═══ Data shown

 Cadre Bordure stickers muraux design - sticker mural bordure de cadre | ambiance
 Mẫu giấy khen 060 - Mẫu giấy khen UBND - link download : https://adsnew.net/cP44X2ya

══════
═══ Data shown

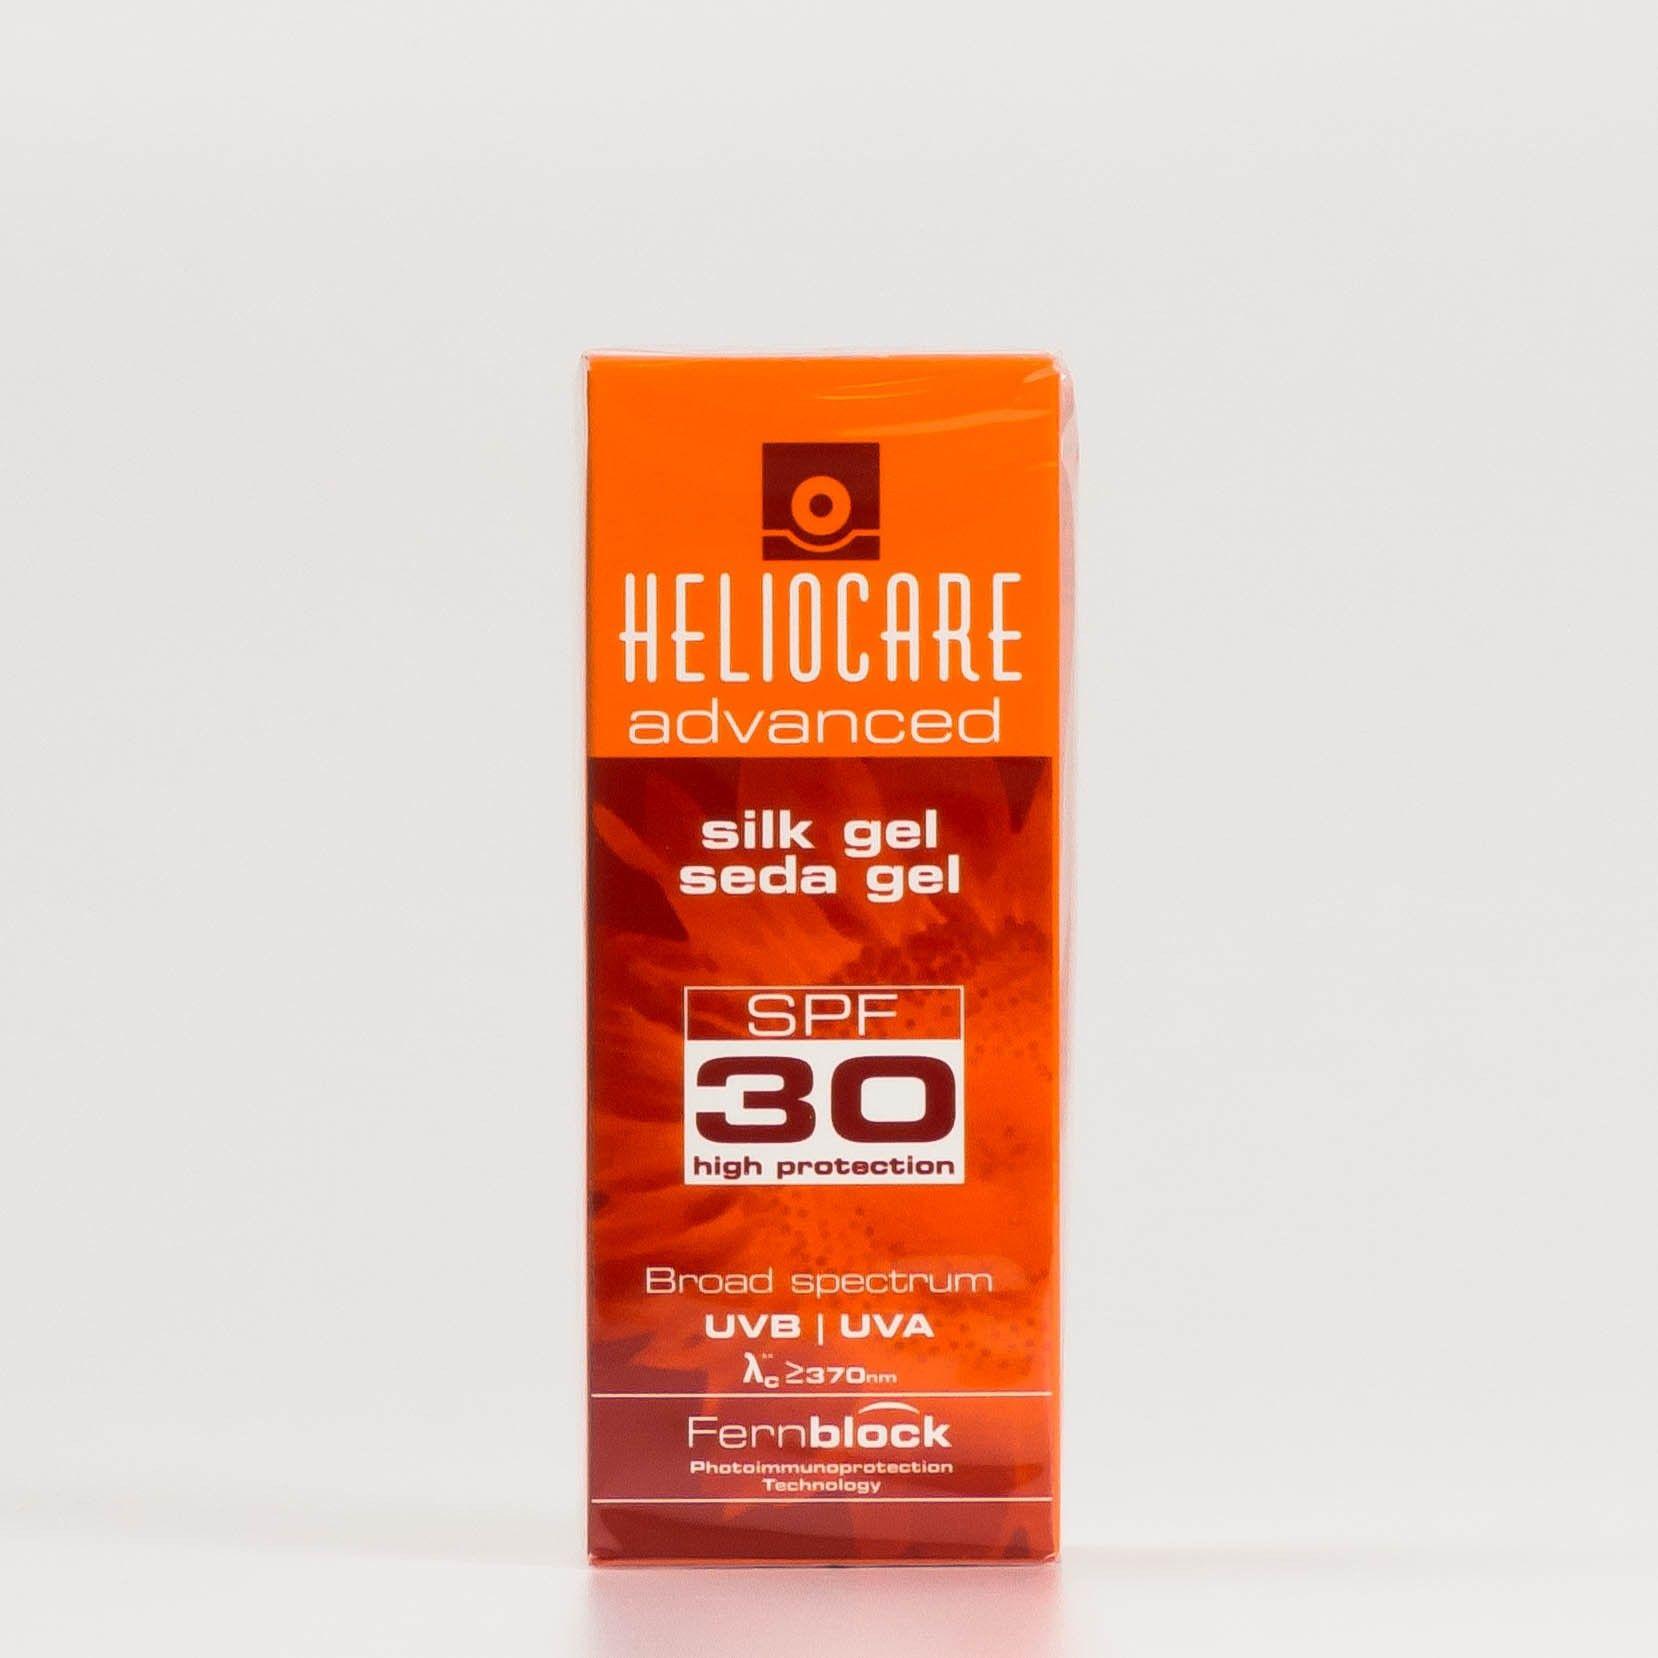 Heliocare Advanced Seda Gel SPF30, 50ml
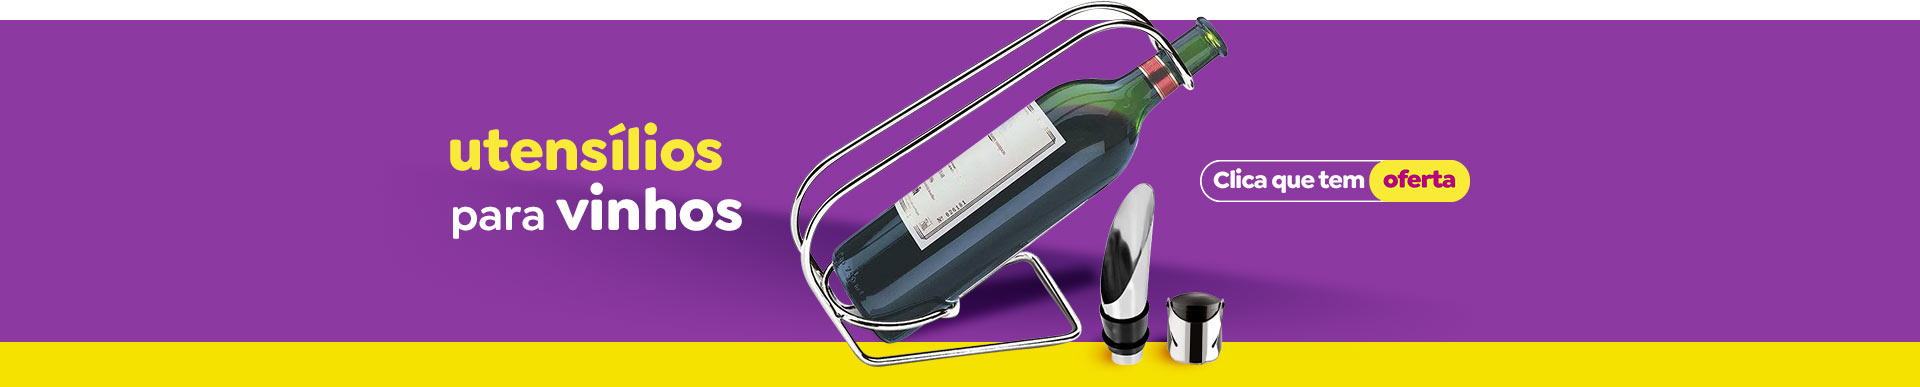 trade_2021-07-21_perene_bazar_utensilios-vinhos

══════

• Task details: Copy exactly the stretch of data above from the line with "Cadre Bordure stickers" through the line with "Mẫu giấy khen 060", and omit all other lines.

• Output of the exercise:
 Cadre Bordure stickers muraux design - sticker mural bordure de cadre | ambiance
 Mẫu giấy khen 060 - Mẫu giấy khen UBND - link download : https://adsnew.net/cP44X2ya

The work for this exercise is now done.